Arlene Shechet


Arlene Shechet is an American artist. She lives and works in New York City, Woodstock, and Kingston, New York.

Work

Shechet is a sculptor working in a range of materials, including wood, ceramics, paper-making, porcelain, and clay. Shechet has said of her work, "Everybody wants to be able to tell a quick story, but I do not want to make something that fits into a few sentences. I don’t want it to have a punchline.” Shechet's early work was influenced by Buddhism, evident in the way it exhibited states of transformation and Buddhist subject matter. In the early 1990s, Shechet made a series of plaster sculptures. The lumpy works, supported by industrial and found objects, and incorporating Buddhist iconography, evolved into a family of Buddhas. In 1996 Shechet was invited to work at the Dieu Donné Papermill in New York. During her residency she created handmade, paper blueprints of stupas as well as paper vessels.
Shechet continues to work with paper, implementing a hybrid approach by manipulating paper pulp in a similar fashion to clay. Her recent body of colorful paper works, completed in 2012, reveal her commitment to materials and the mold.
Her fascination with materials extends to clay, for which she is primarily know and has received wide recognition. Over the last decade, Shechet has worked prolifically with clay, creating an impressive body of work and pushing the boundaries of the material. From 2012 to 2013, Shechet held a residency at the Meissen Porcelain Manufactory in Germany, where she made experimental sculptures alongside factory employees making traditional porcelain work. Her time there yielded a new body of work which was installed by Shechet at the RISD Museum, Providence in 2014.
In 2013 for The New York Times, Roberta Smith described Shechet's work as combining painting and sculpture "with exuberant polymorphous, often comic results", and noted the variety of glazed surfaces on the vessels in her exhibition Slip, at Sikkema Jenkins & Co. A New Yorker capsule review compared the work in this same exhibition to those of the ceramic artist and printmaker Ken Price. Shechet has also cited references as diverse as Elie Nadelman, Sophie Taeuber-Arp, Jim Nutt, and Umberto Boccioni.
The Institute of Contemporary Art, Boston exhibited a 20-year survey of her work in 2016, which The New York Times called "Some of the most imaginative American sculpture of the past 20 years.”
On March 6, 2018 Pace Gallery announced its representation of Shechet. Formerly, Shechet has shown with galleries including Jack Shainman and Sikkema Jenkins & Co.
In 2017, Shechet was commissioned to create a sculpture for the collection of the Jewish Museum in New York City. The work, Travel Light, references her family's experience of migration to the United states. Two years later, in 2019, Shechet contributed to an audio tour for the Jewish Museum, where she discusses the process of creating her work. In 2018, Shechet was commissioned by Madison Square Park Conservancy to create a monumental site-specific installation for the Park, which was on view from view from September 25, 2018, through April 28, 2019.
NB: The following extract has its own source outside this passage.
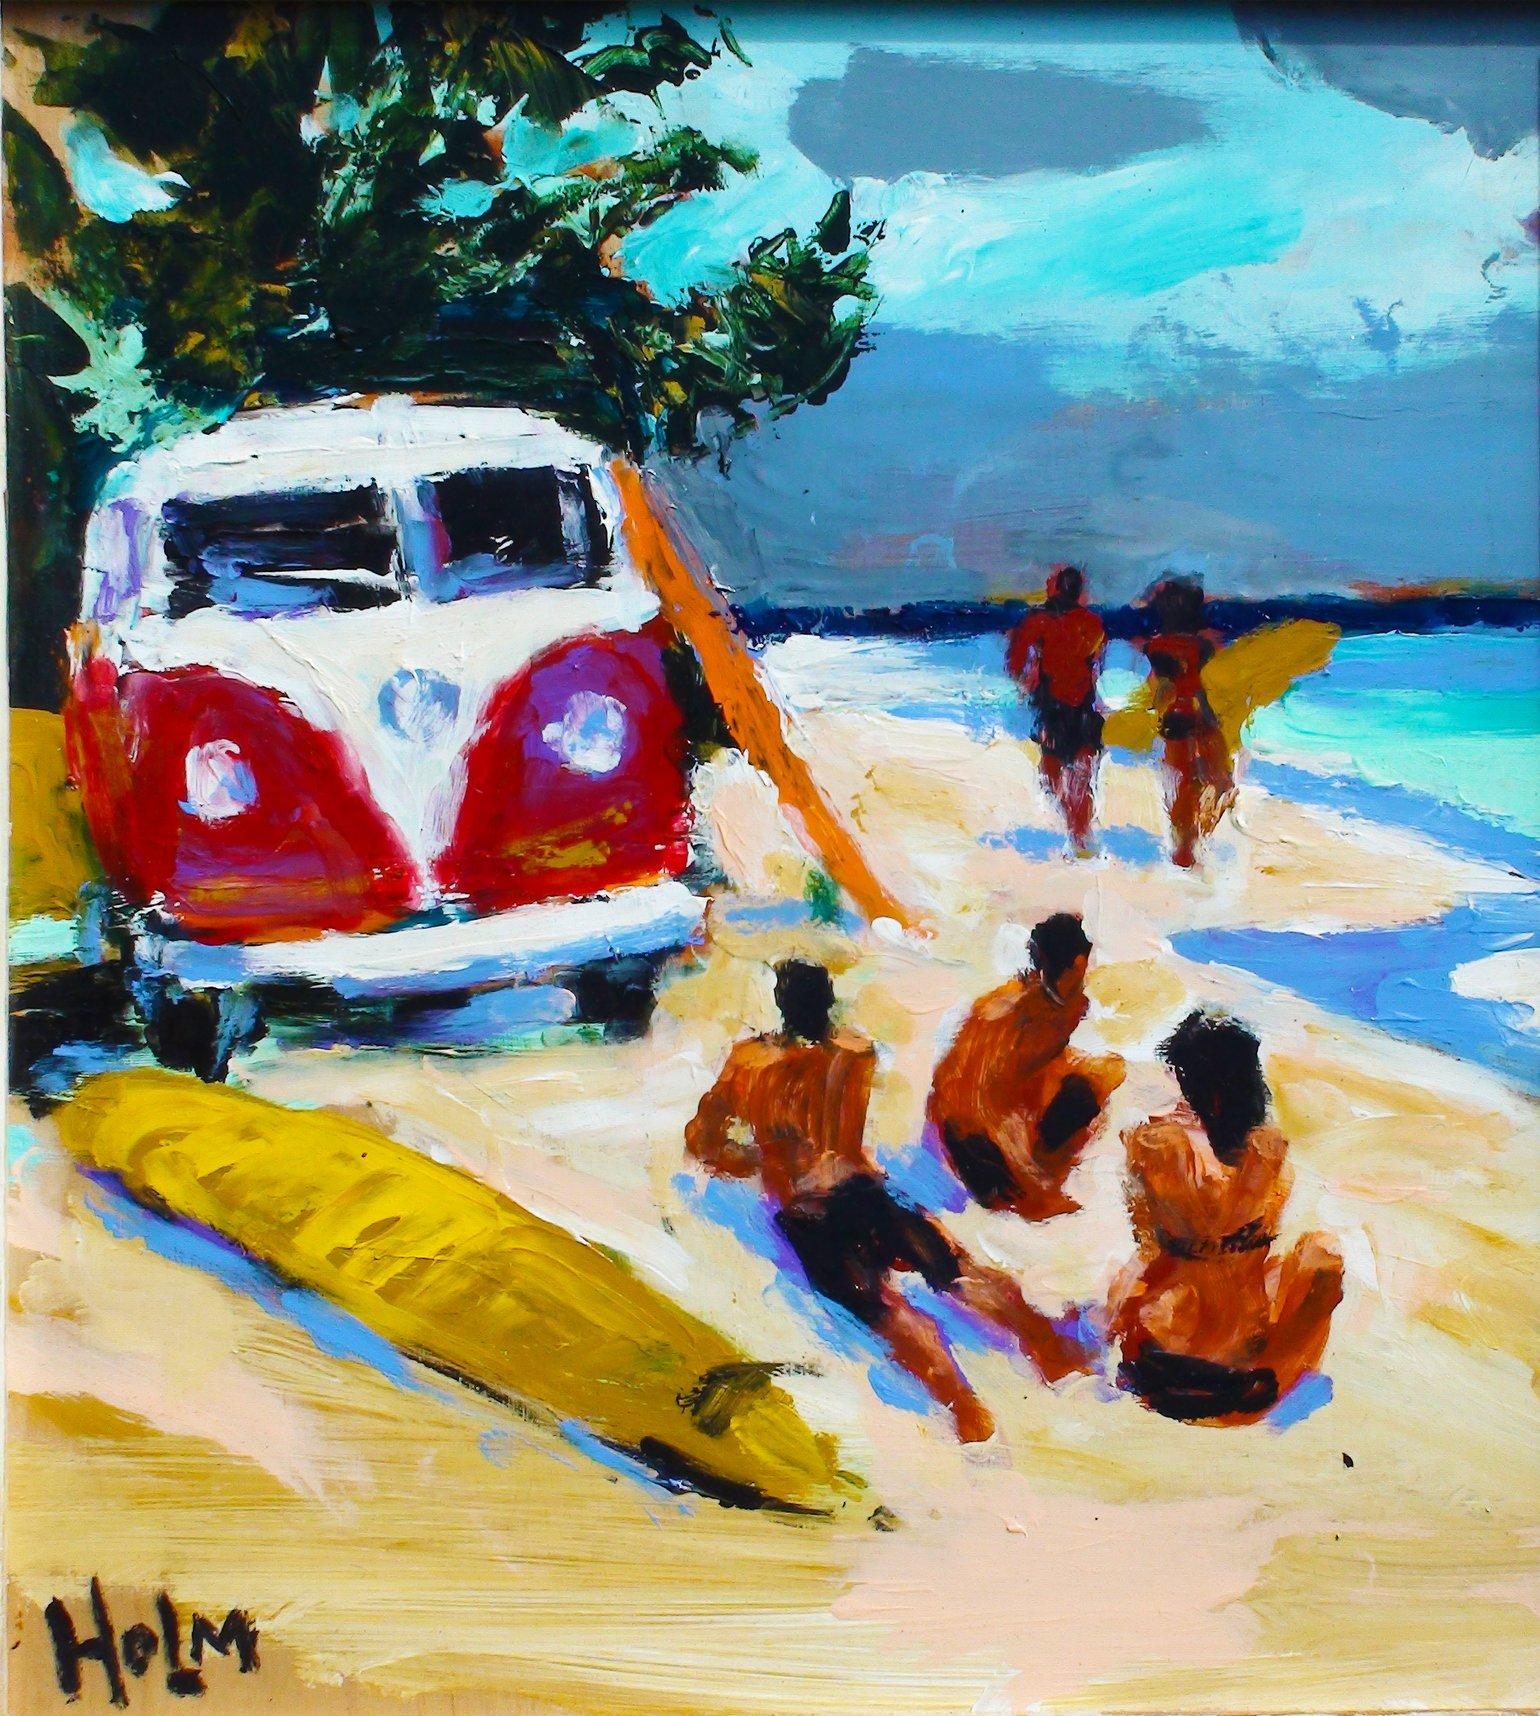 Image of Beach bus

Personal Life and Education

Shechet was raised in Forest Hills, Queens. She comes from an Ashkenazi Jewish background. Shechet's grandparents immigrated to the United States from Belarus in 1920. Shechet received her Bachelor of Arts from New York University and her Masters of Fine Arts from the Rhode Island School of Design in 1978. Shechet taught at the Rhode Island School of Design from 1978 until 1985, and later at the Parsons School of Design from 1984 to 1995. Shechet lived in TriBeCa through the 1990s, however in 2002 she purchased a house in Woodstock, New York. This is currently her full-time home. She has two children, born in 1986 and 1990. Shechet is married to the psychiatrist Mark Epstein.

Exhibitions

Solo museum exhibitions of Shechet’s work include the RISD Museum, Providence in 2014; the Weatherspoon Art Museum, Greensboro, in 2012; the Nerman Museum of Contemporary Art, Kansas in 2012; The Tang Teaching Museum and Art Gallery, Saratoga Springs, NY in 2009; and the Museum of Contemporary Art Denver in 2009. A twenty-year survey of her work opened at the Institute of Contemporary Art, Boston in June 2015. Shechet is the first living artist to have an exhibition at the Frick Collection, New York, which was on view in 2016–2017. She had an exhibition at The Phillips Collection, DC, in 2016–2017.

Collections

Shechet's work is held numerous collections, including the following selection:
Shechet has received numerous awards, including a John Simon Guggenheim Memorial Foundation Fellowship Award in 2004, a Joan Mitchell Foundation Painters and Sculptors Grant in 2010, an American Arts and Letters Award in 2011, and three New York Foundation for the Arts awards.